• _Work order_:
The output consists only of the lines from the one with "RE4-Ada Wong-leaked images" through the end of the records, each printed exactly, and contains no pictures.

• _The data_:
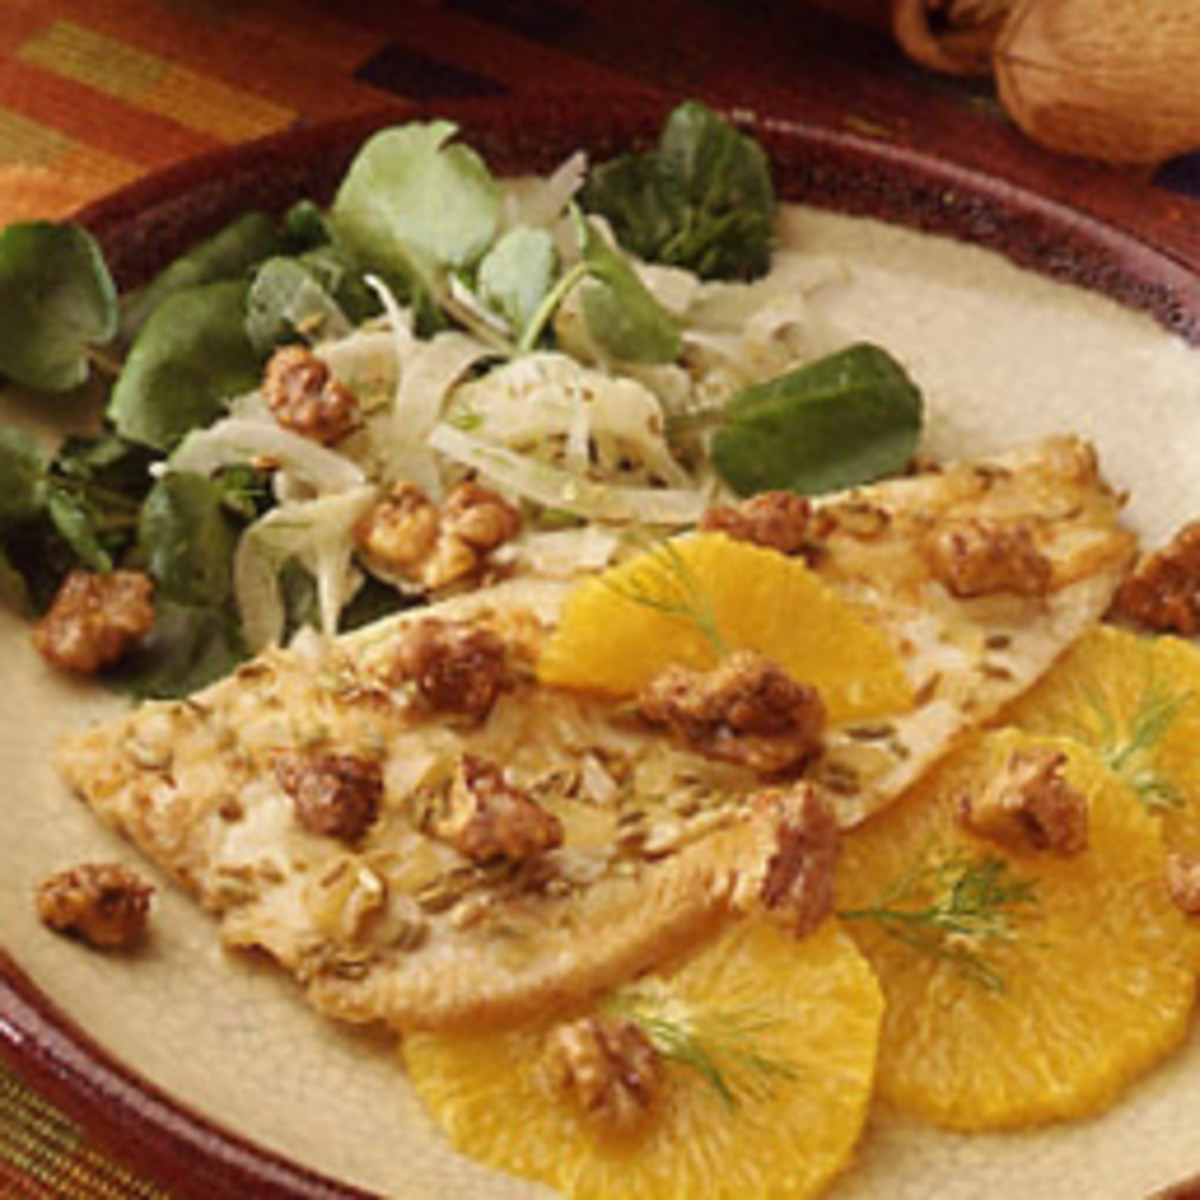 Orange Trout Salad with Spiced Walnuts
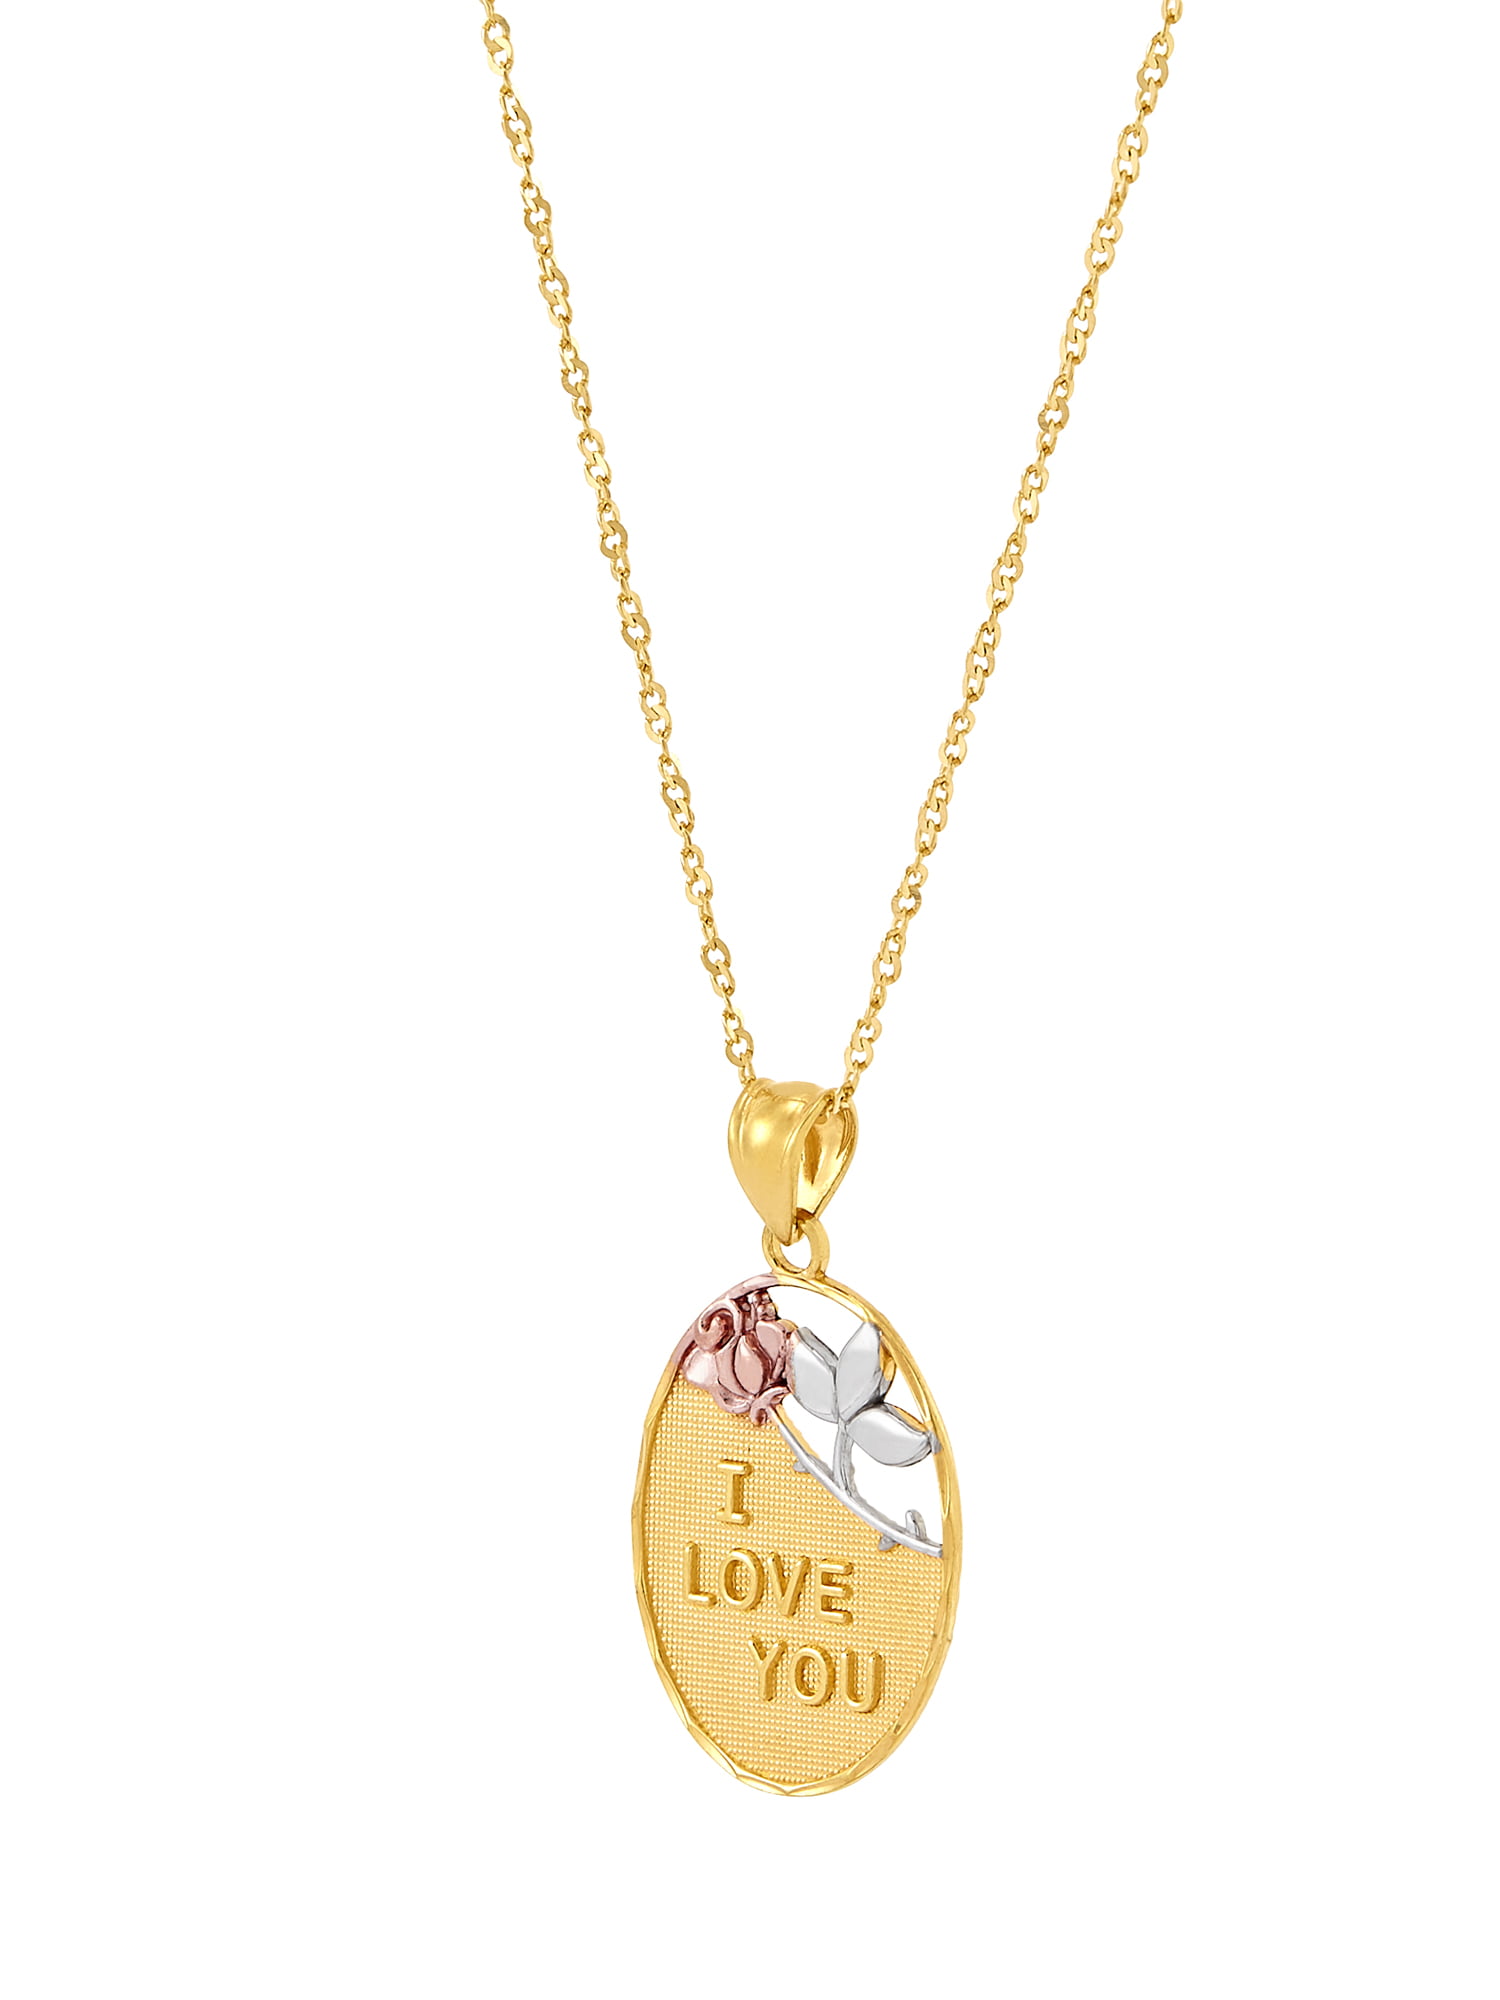 SISGEM 18k Yellow Gold I Love You Heart Necklace for Women, India | Ubuy
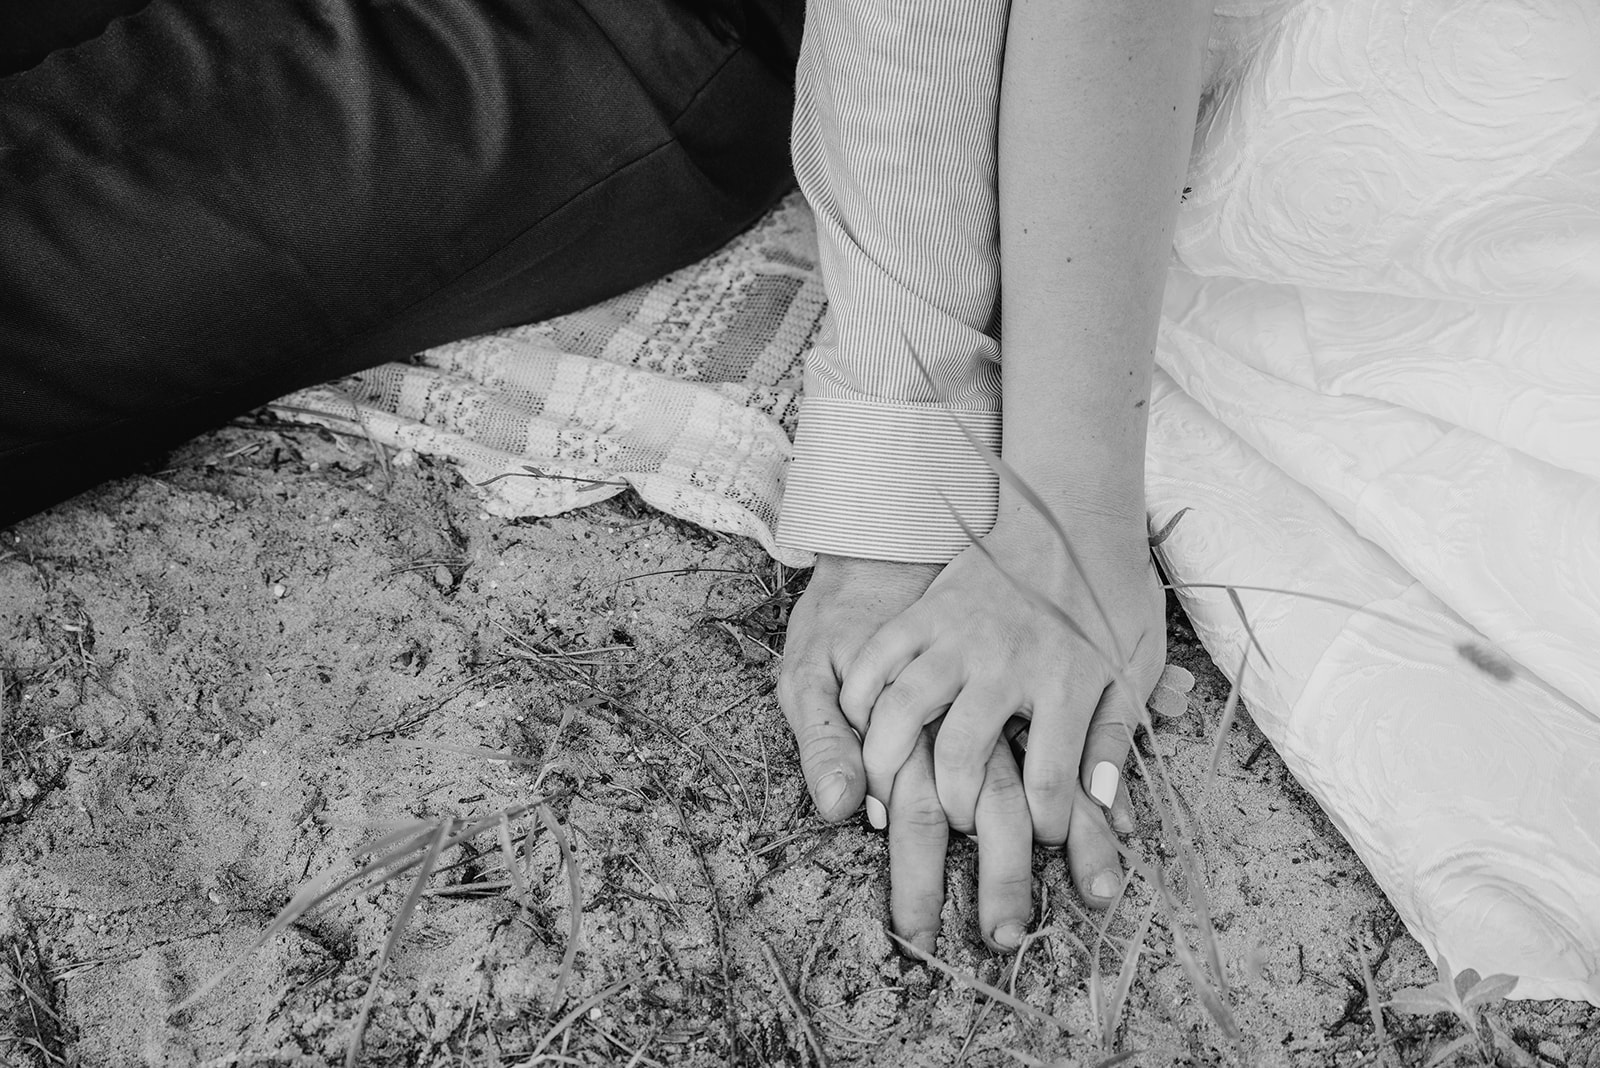 Couple holds hands on the beach in black and white image
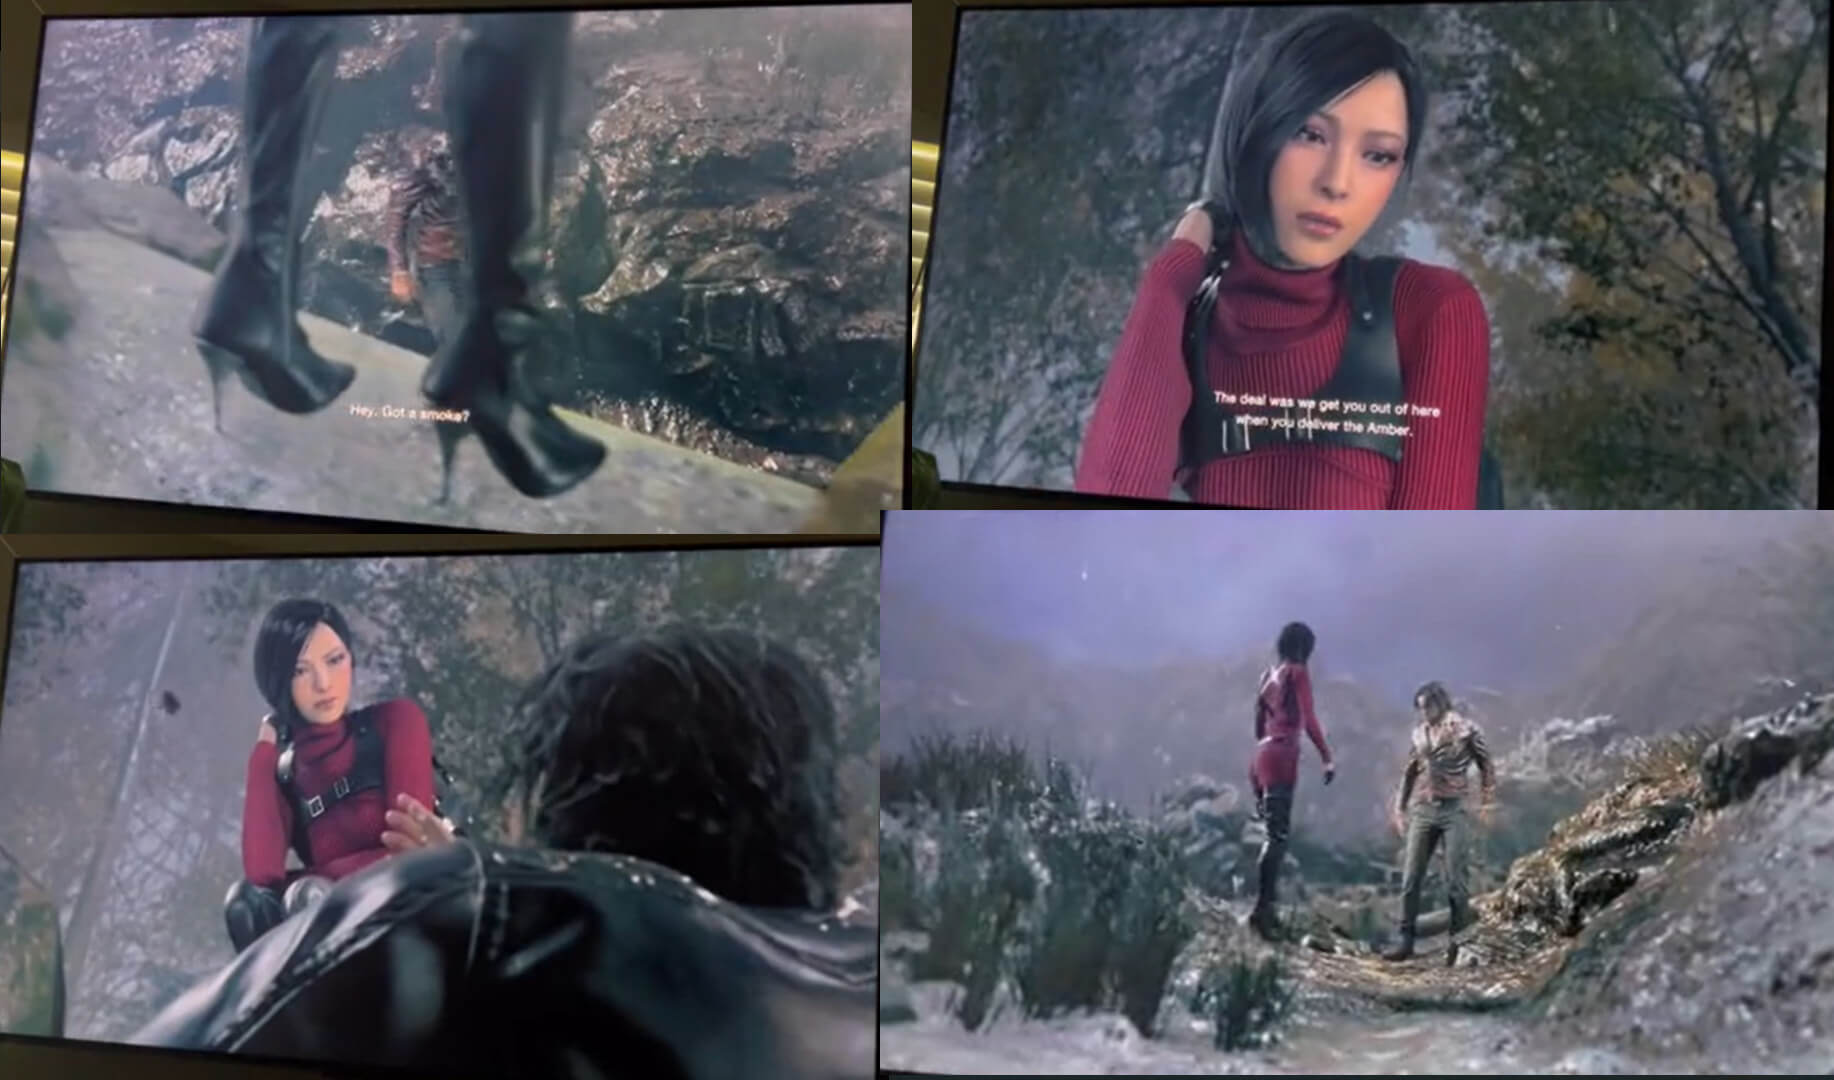 RE4-Ada Wong-leaked images
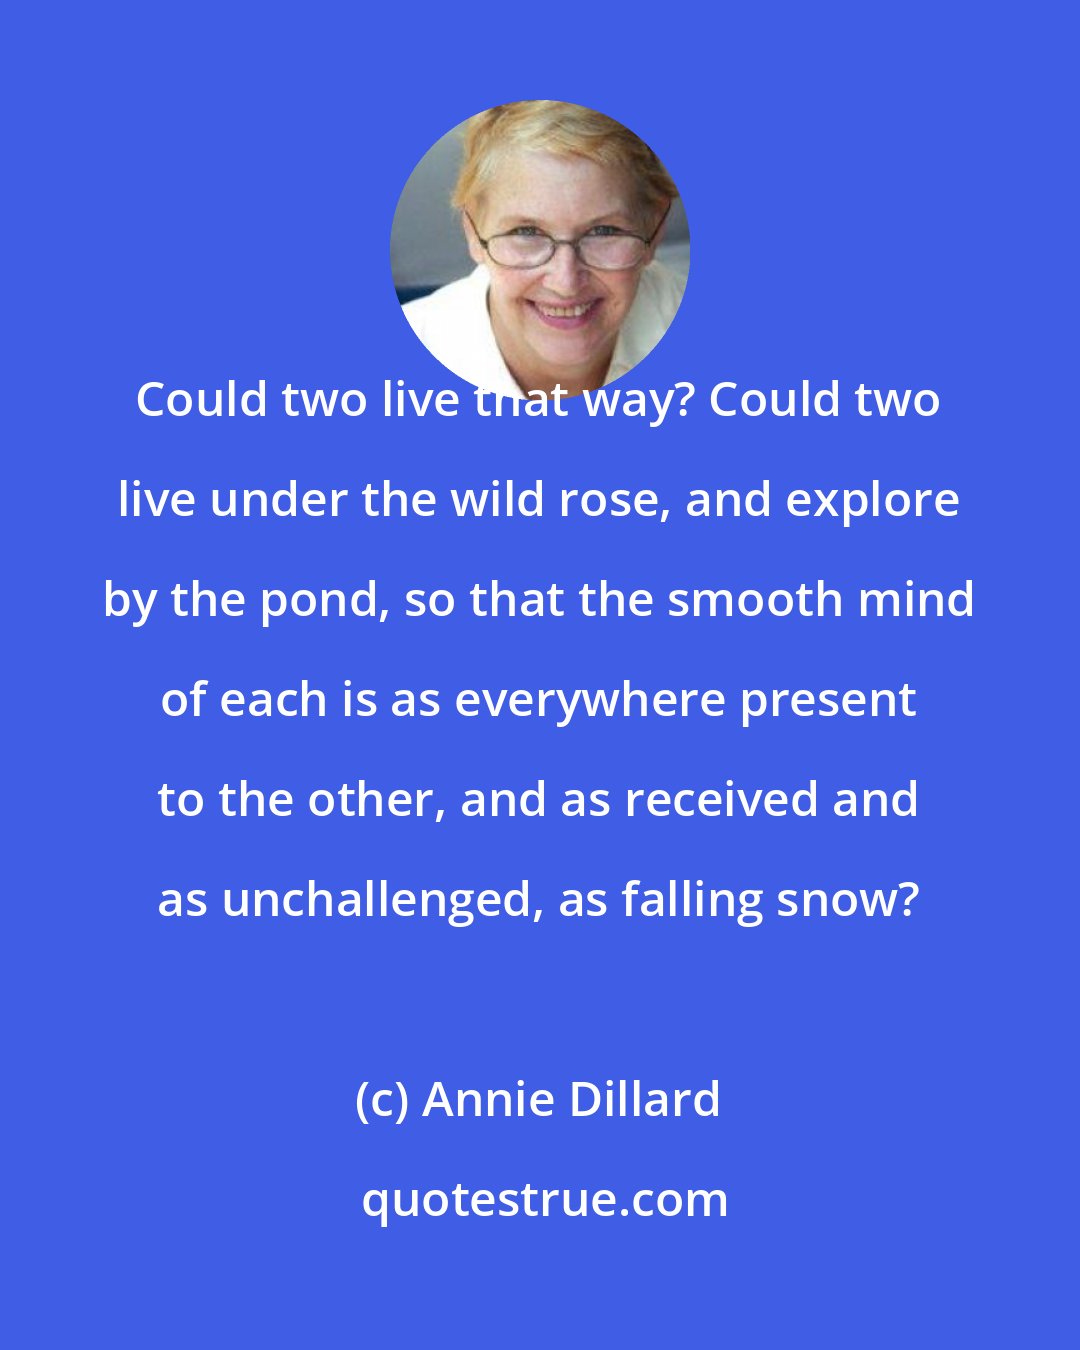 Annie Dillard: Could two live that way? Could two live under the wild rose, and explore by the pond, so that the smooth mind of each is as everywhere present to the other, and as received and as unchallenged, as falling snow?

• _Answer box_:
 RE4-Ada Wong-leaked images
 Annie Dillard: Could two live that way? Could two live under the wild rose, and explore by the pond, so that the smooth mind of each is as everywhere present to the other, and as received and as unchallenged, as falling snow?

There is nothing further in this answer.